Körfez ülkelerindeki inşaatlarda çalışan milyonlarca göçmen işçinin maruz kaldığı insanlık dışı uygulamalar geçtiğimiz seneler boyunca sanat çevrelerinin gündeminden düşmedi. Guggenheim Müzesi’nin Birleşik Arap Emirlikleri’nin bir diğer kenti olan Abu Dhabi’deki şubesinin inşaatı sürecince göçmen işçilerin maruz bırakıldığı koşullar, başta New York olmak üzere pek çok kentteki sanatçı ve eleştirmenler tarafından protesto edildi. 130’dan fazla sanatçı, küratör, yazar ve kültür profesyoneli, 2011 yılında Abu Dhabi’deki emek sömürüsüne karşı olduklarını belirten uluslararası bir bildiri imzalayarak işçilerin çalışma koşulları iyileştirilmediği sürece bu kurumlarla ortak proje geliştirmeyeceklerini ve bu kurumlara eser vermeyeceklerini beyan ettiler. Ancak yapılan tüm açıklamalar, sürdürülen müzakereler ve protestolara karşın Guggenheim Müzesi 2016’nın Nisan ayında yaptığı açıklamada olayı saptırdığını iddia ettiği GLC (Gulf Labor Coaliton - Körfez İşçi Koalisyonu) ile yürüttükleri müzakerenin sona erdiğini açıkladı.

Birleşik Arap Emirlikleri’nin ‘yüksek sanat aşkı’ bağlamında yakın dönemde gündeme oturan gelişmelerden biri de Louvre Müzesi’nin ülkede inşaatına başlanan şubesiydi. Başta akademik çevreler olmak üzere, Louvre’un Birleşik Arap Emirlikleri’nde bir şube açacak olması sayısız eleştiriyi beraberinde getirdi. Sanat tarihçisi Didier Rykner, Fransa ile Birleşik Arap Emirlikleri arasında hayata geçmesi planlanan proje için yapılan anlaşmaya karşı çıkan isimlerden biri olarak, büyük bir imza kampanyasına öncülük etti. 4.650 müze uzmanı, arkeolog ve sanat tarihçisi tarafından imzalanan bildiride ‘müzelerin satılık olmadığı’ vurgulandı. Gündeme getirilen başlıklar arasında Louvre ‘tıpkı ticari bir şirket gibi maksimum kar stratejisi gütmekle’ suçlanıyordu. Ayrıca bu bağlamda sanatçılar ve insan hakları kuruluşları tarafından Birleşik Arap Emirlikleri'nin HIV Pozitif bireyleri hapsetmesi, sınır dışı etmesi ve ömür boyu ülkeye girmekten men etmesi gibi politikaları da protesto edildi.

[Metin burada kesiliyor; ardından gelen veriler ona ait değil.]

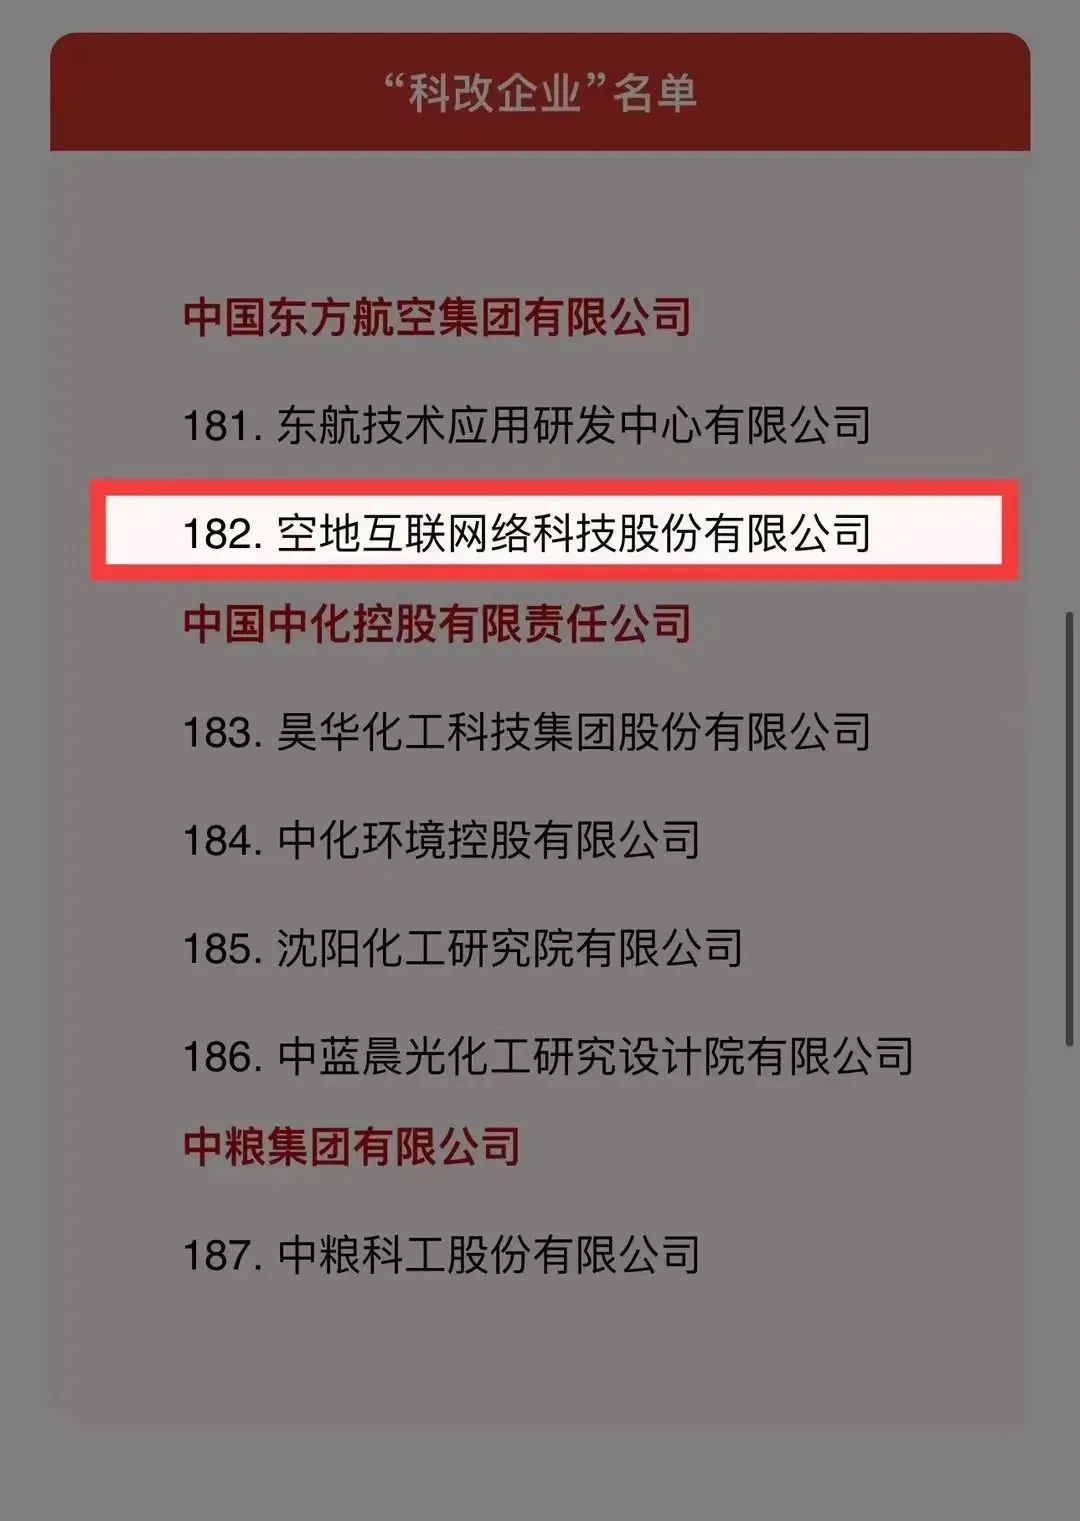 长宁企业空地互联上榜国务院国资委“科改企业”名单

‘Birleşik Arap Emirlikleri’, ‘sanat’, ‘bienal’, ‘müze’ gibi sözcükleri yan yana getirip son birkaç seneyi hatırlamaya çalıştığımda hafızamda bu gibi olaylar beliriyor... Ne yaptıklarıyla pek ilgilenmediğim için, eminim hafızamda yer edenlerden çok daha fazlasıyla yüklü bir ‘sanat gündemleri’ vardır, malum. Bizim kendi adımıza sormamız gereken soru, bu yeni konjonktürde kültürel pozisyonumuzu (ve buna bağlı olarak psikolojik motivasyonumuzu) hangi meridyen ve paraleller üzerinden saptayacağımız? ‘Her bir şeyin’ sıkça ziyaret ettiği bir kentte asla gözüme batmazdı Sharjah Bienali, fakat uzun zamandır ‘hiç bir şeyin’ uğramadığı bu kentte sanat gündemi Sharjah’ın bienali üzerinden belirleniyorsa, kimseyle selefi Arapların elini öpüyor diye alay etmenin manası yok, bizler de aynı selefilerin bienalleriyle böbürleniyoruz demek.    

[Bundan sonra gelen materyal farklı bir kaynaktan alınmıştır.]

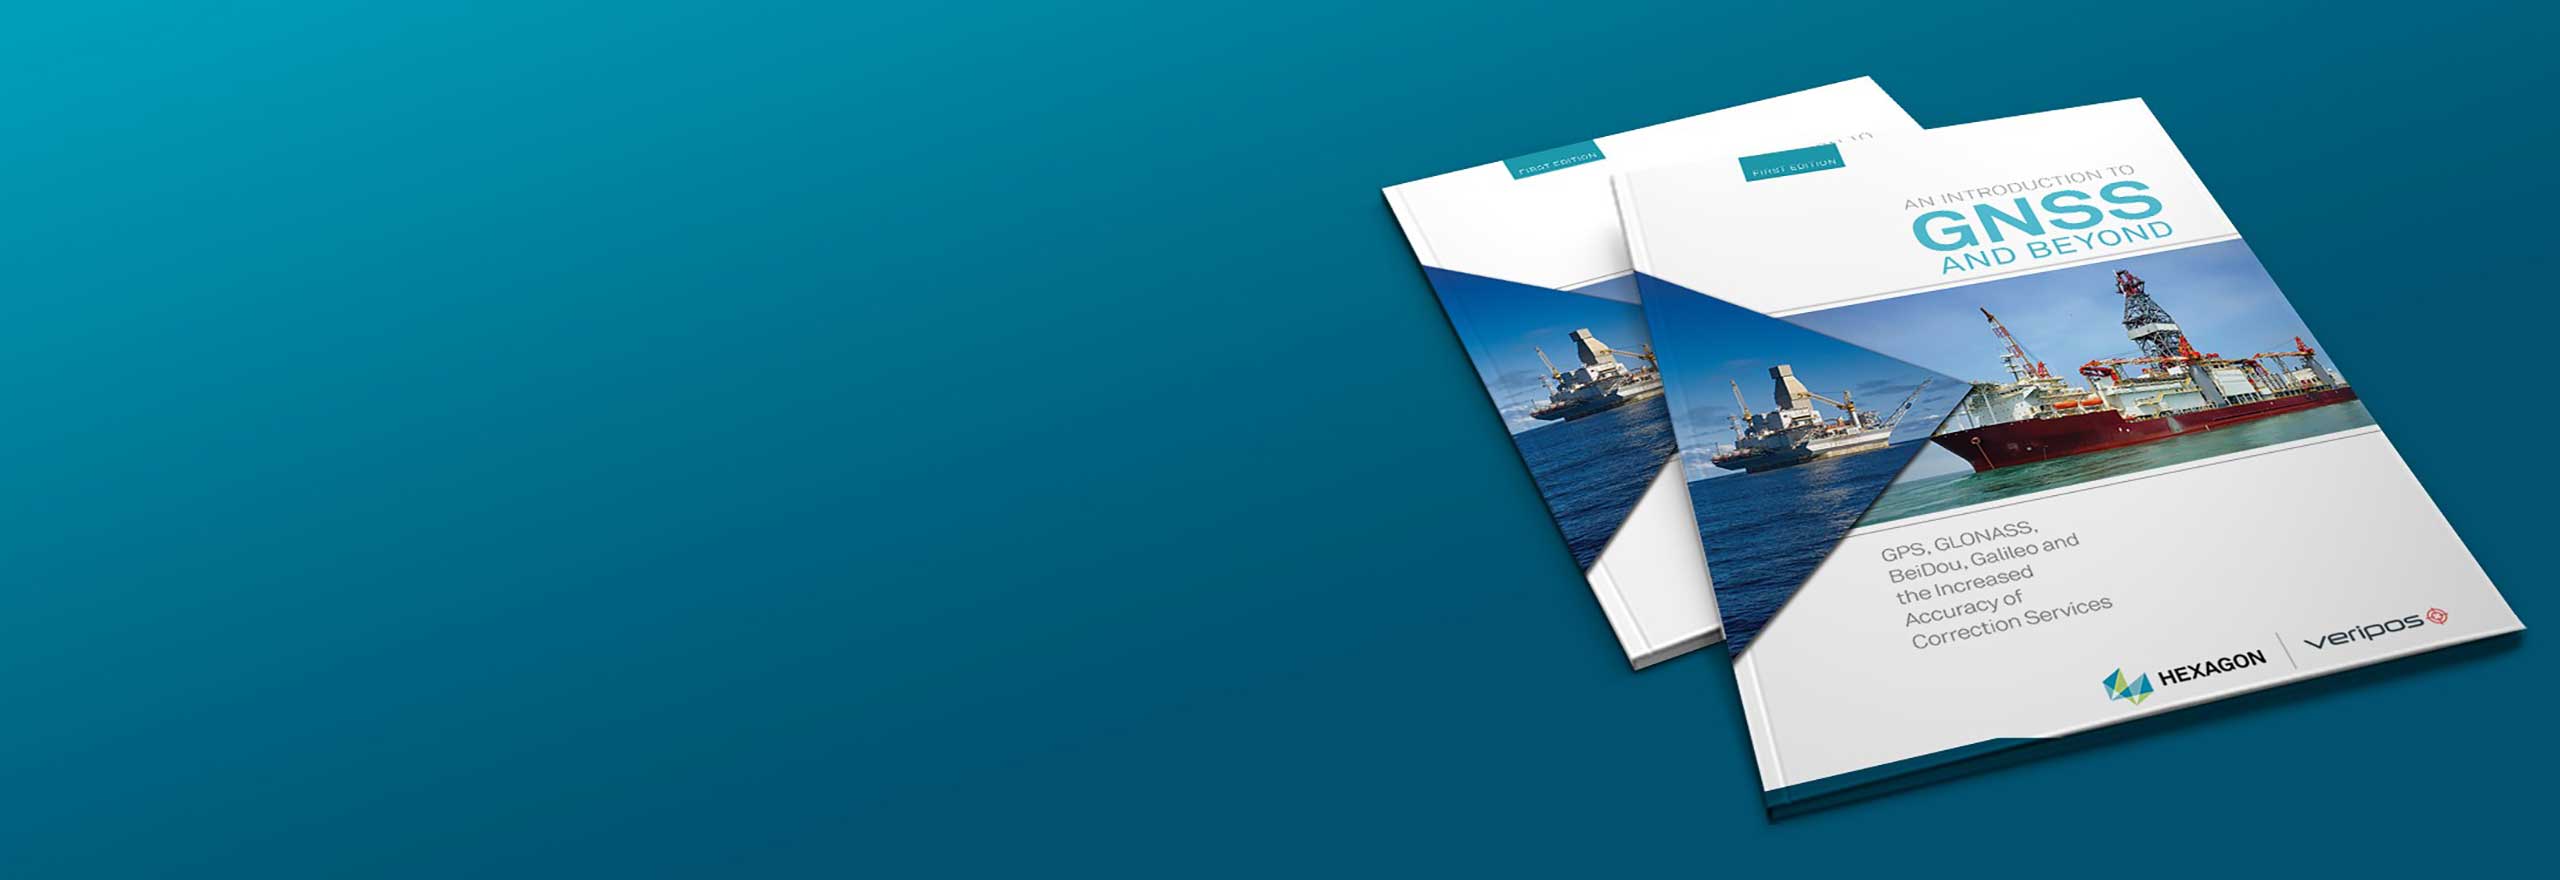 Zwei Exemplare unseres E-Books „Einführung in GNSS“, das sich auf die dynamische Positionierung bezieht, auf türkisfarbenem Hintergrund.

Eleştiri bir yana da, benim bünyem kaldırmıyor artık... Biz ne zaman ve niye bu kadar ezik olduk? İstanbul’un en küçük semti bile etmeyecek çöl yerleşimlerinin bienalleri hangi ara uluslararası rekabetimizi belirler oldu? Yani başımızda IŞİD kafa keserken, selefi/vahabi finansörlerinin bienalleriyle avunacak noktaya hangi gün düştük? Neoliberalizm bir yere kadar, ama bu denli kokuşmuşuna ne diye çattık? Birleşik Arap Emirlikleri'nin nüfusunun toplamından daha fazla entelektüelin yaşadığı bir metropolde, kimse mi çıkıp bir cümle edemiyor? İstanbul ne vakit Dakar ve Ramallah gibi yerlerle aynı klasmana düştü de, bienalin bir ayağı da aynı mantıkla buraya taşınıyor? Hazır gelmişler iken 'Yeşil Yol' (Doğu Karadeniz) talanından bir iki villa daha satılsa bari... Bu mudur? Geçmiş olsun. 

Konağı kullanılan Abud Efendi’nin de mezarda kemikleri sızlıyor olmalı. Zira 19. yüzyıl aydınlanmasından had safhada etkilenmiş, iyi bir burjuva olarak tanınıyordu Abud Efendi. 

İşte bu yüzden bu kente hiçbir zaman Documenta gelmeyecek.